Thanks MOM for keeping up with this story!!!!!
 
Ron - I agree that heightened vigilance is necessary.

Hysteria probably isn't - hysteria causes people to take unnecessary risks to avoid imaginary risks. The rule is never to multiply the body count!!
 
Brian -
The winds changed. That's the major problem here. They really should evac to the 30 km and then evac certain areas out to 60.

You know the points we were watching NW with the very high readings? Right outside the 30 km? That's about the place where they found the VERY high levels yesterday. Due to current test results, the Japanese government is expanding the testing program to SIX prefectures.

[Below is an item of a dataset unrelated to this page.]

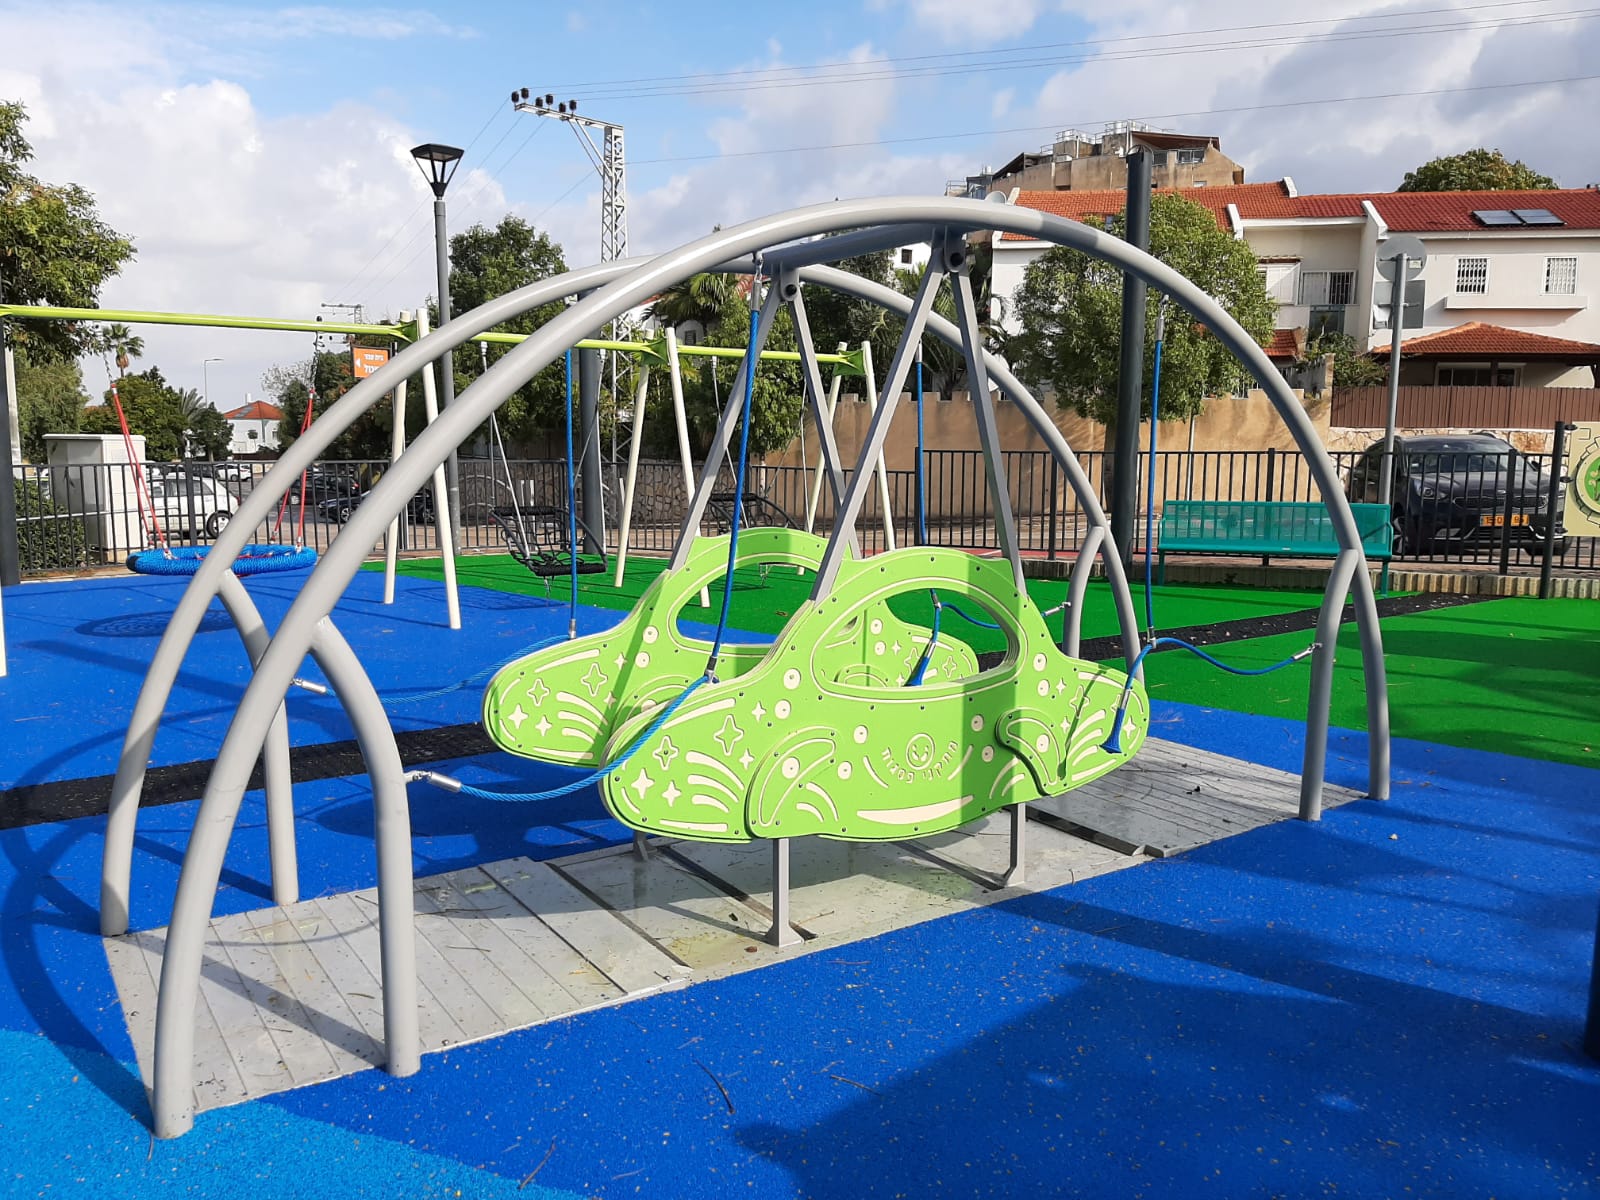 Psagot-Commercial-Playgrounds-Inclusive-Space-Swing-2443-Build

Also, simulations are showing that some infants outside the evac zone might have ALREADY received the effective dose of 100 milliS through iodine. Tell your wife that and see what happens. But first pad the ceiling and plug your ears. This happened due to political correctness in the Japanese government; they didn't want to admit that it was a Level 7, which in IMO it certainly is. I don't see how anyone could argue that it is not a Level 6.

Now is the point at which the situation moves into a much more critical set of expanding and interlocked problems.

As for Tokyo, I would be very hesitant to keep kids there right now. There isn't going to be enough bottled water to go around. You are looking at families evacuating kids probably 70-90 kms south, 50 north, and in some areas of the Tokyo metro area. Plus the regular refugees. Unfortunately I looked at ZAMG, and the winds have shifted around so we get another big land exposure. The problem is that it just keeps accumulating in the soil and the water. The flowing water shifts clean quickly, but it will build up in bigger ponds/lakes/reservoirs. Once it accumulates in the soil, every time it rains more leaches out into the tributaries and streams.

100 milliSieverts is the five year max dose for radiation workers. I think 100 milliS annually is perfectly safe for adults without any risks. For kids, I peg the no-exposure past to 50 milliS. That is safe enough that you have some margin. For infants, 25 milliS.

100 milliS over a year wouldn't hurt the average adult, even if you were wrong and got 200 milliS. There are populations in some areas that get exposures of around that.

But kids? Infants? Oh, no, especially since you have to grapple with the idea that they will be exposed to higher-than-normal levels for some years no matter what you do, even if the emissions are mostly curbed in another three weeks.